The project was inspired by an internship I did as a journalist in London in 2008, when I wrote about the use of data by organizations. I am an econometrician by training and I was excited to see the principles we use to forecast economic growth, inflation etc, being applied by organizations. I returned to Australia and resolved to get involved in the broader analytics community. That's how Kaggle was born.  

It looks like a young startup, is this right?
The project is only two weeks old and we've been thrilled with the response - we've attracted over 6,000 unique visitors. 

We launched the Eurovision contest to get things going. In the last few days we released the HIV Progression Prediction competition. This was my introduction to bioinformatics, which seems like a fascinating area - we're hoping to attract more such competitions. Perhaps your readers have ideas or data

Does the name mean anything ?
The name doesn't mean anything. I got tired of coming up with great names and finding they were taken (and that the owner would only sell for $xx,xxx). As a young project,  our funds could be better spent elsewhere, so I built a program that iterated over different combinations of letters and printed a list of available and phonetic domain names. (I put this program on the web for others in a similar situation.) 
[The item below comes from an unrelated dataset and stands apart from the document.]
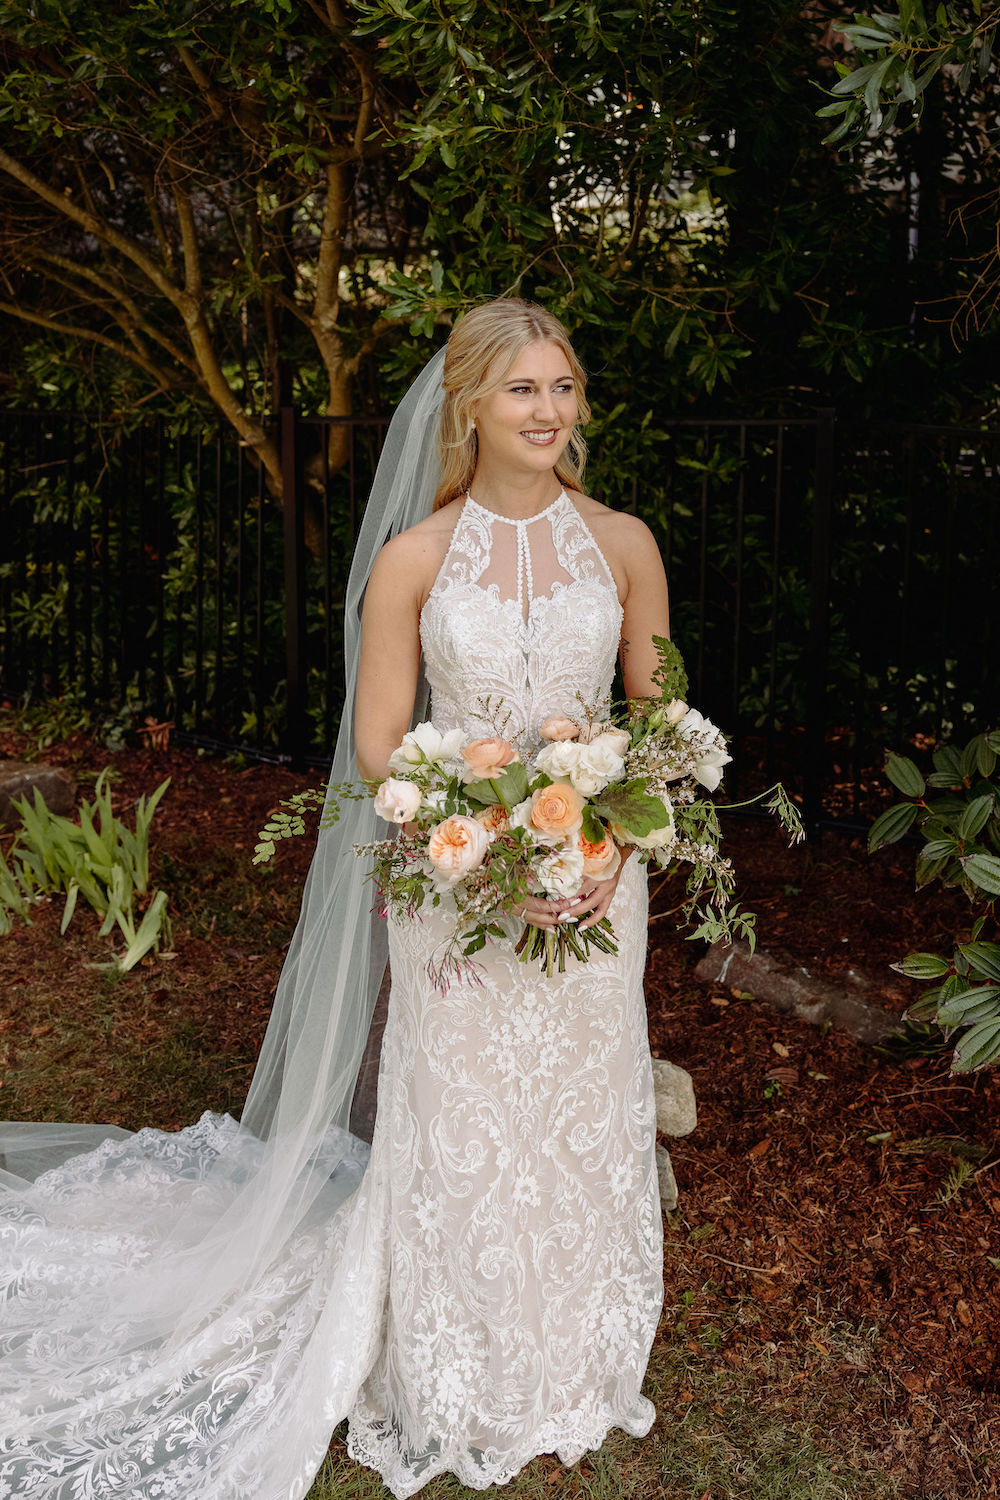 Bride in her long lace dress with a long veil holding her bouquet of peach garden roses, peach ranunculus, white spray roses, jasmine vine, cream roses, and geranium foliage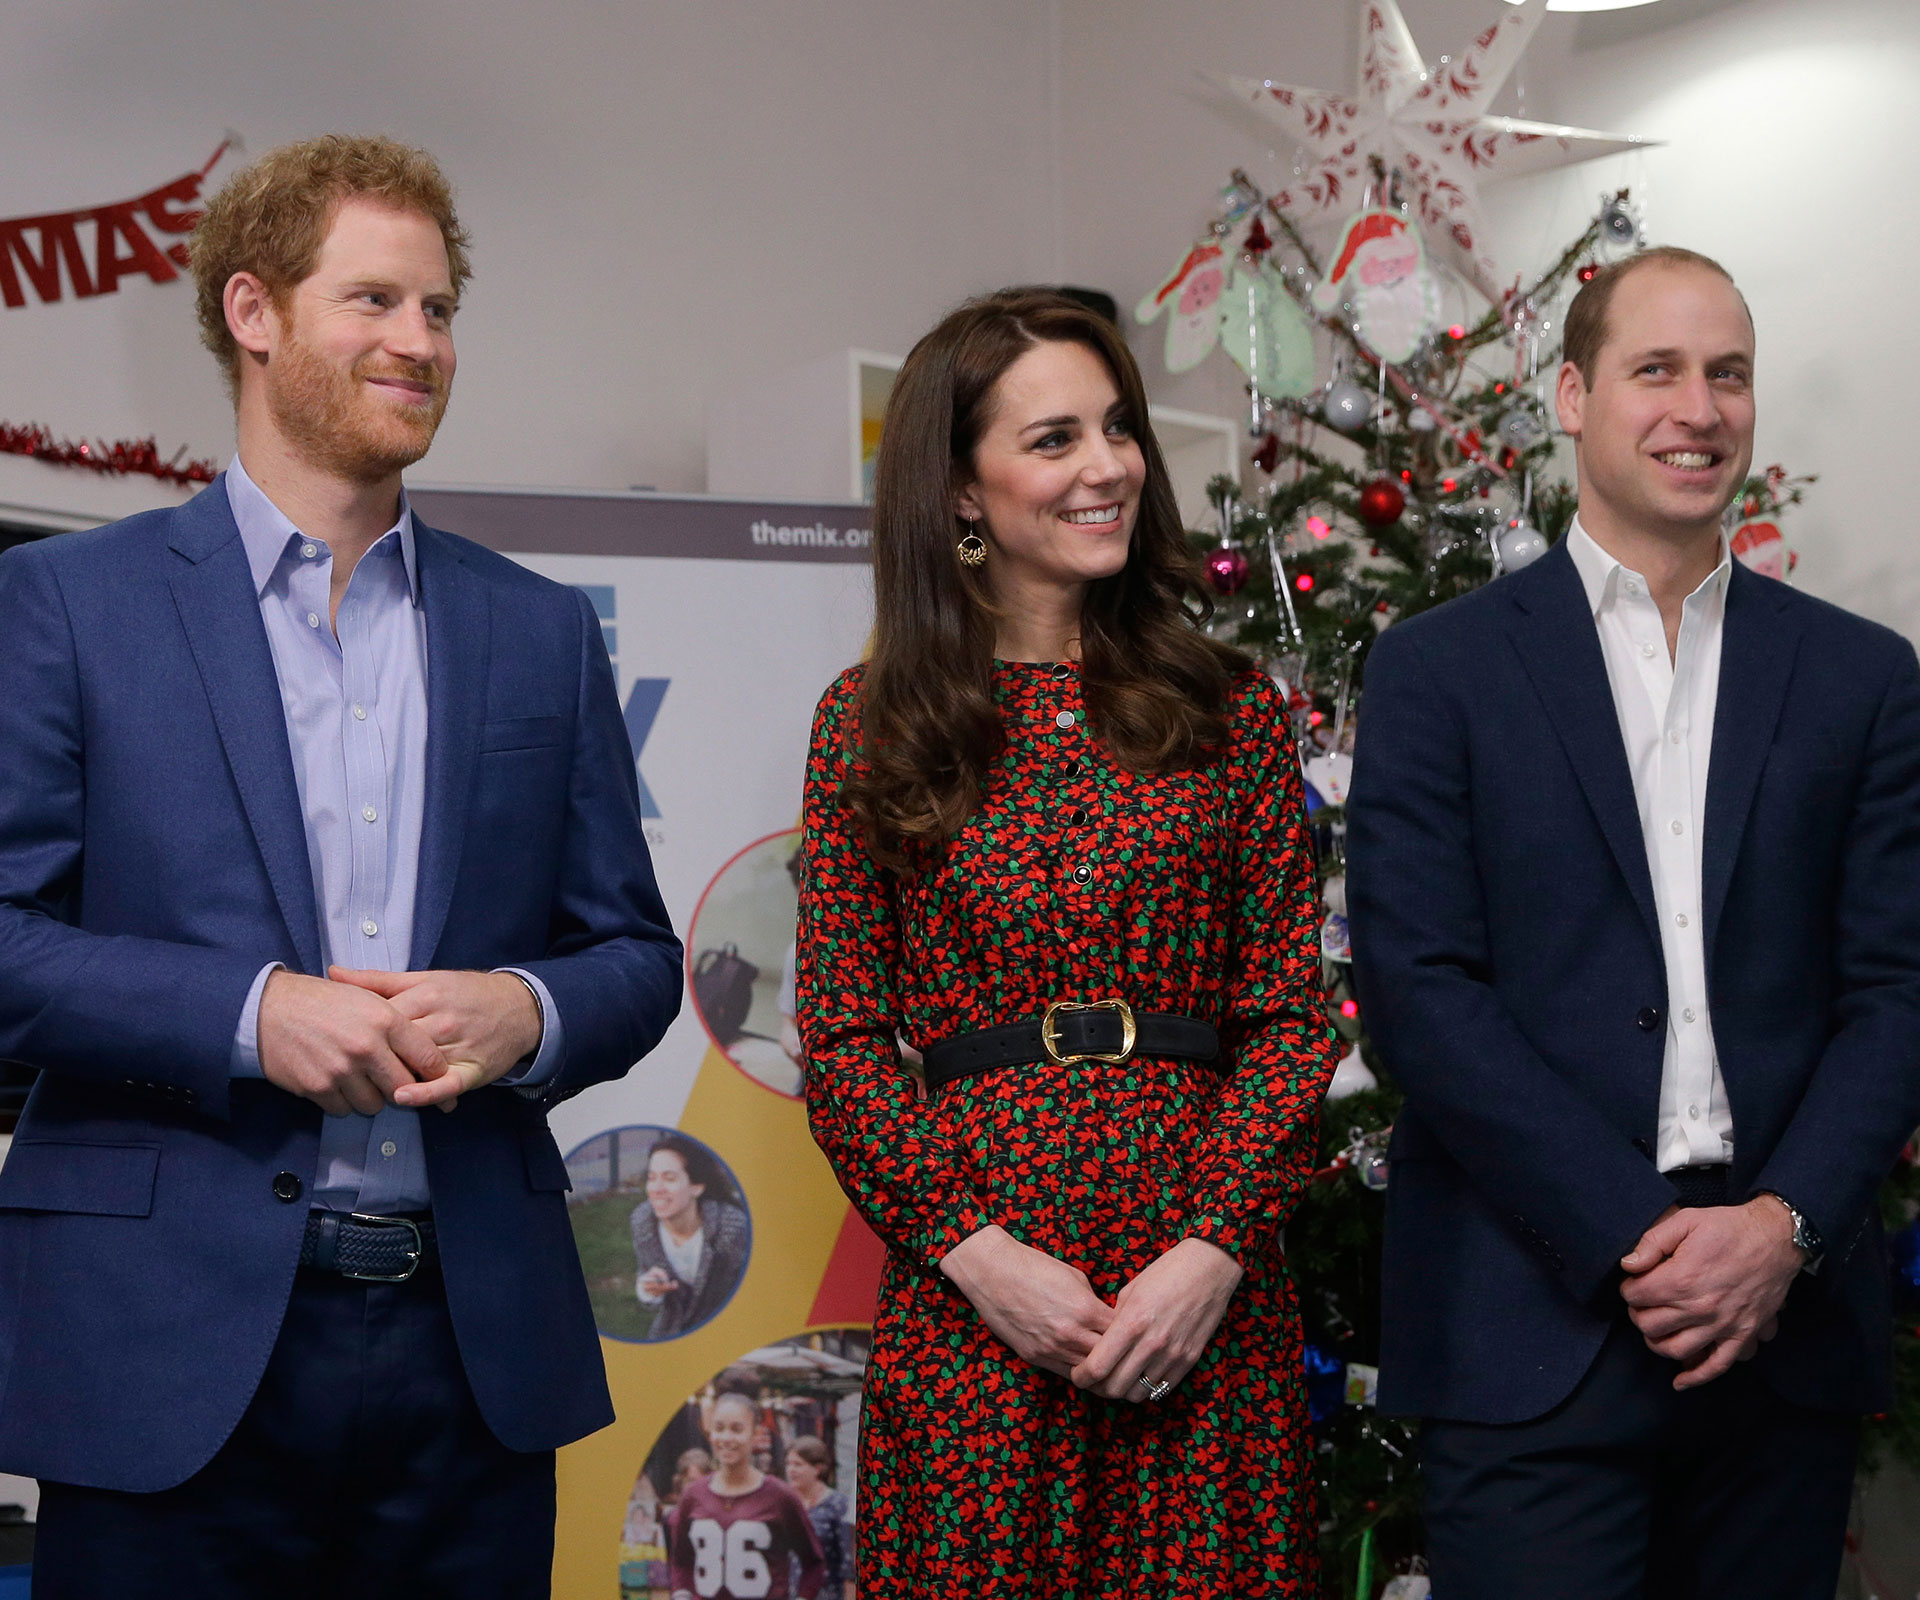 Prince William, the Duchess of Cambridge and Prince Harry attended charity Christmas party together

How do you hope to be different from what Innocentive is doing ?
The project is solely focused on data competitions. This enables us to offer services - e.g. to help our clients frame their problems, anonymize their data,  etc. 

The platform is also easily extensible, so we can modify it to suit the specific needs of different data competitions. 

We will host a rating system/league table, so that statisticians can use strong performances to market themselves. The rating system also allows us to host forecasting competitions, since the competition host will know who has a track record of forecasting well (and therefore who to pay attention to).

In the medium term, we plan to also offer a tender system, so that consultants can bid for work from organizations and researchers all over the world. From the organization's perspective, the rating system means they know what they're paying for. From the consultant's perspective, they don't have to waste time touting for work and they get access to interesting clients and datasets.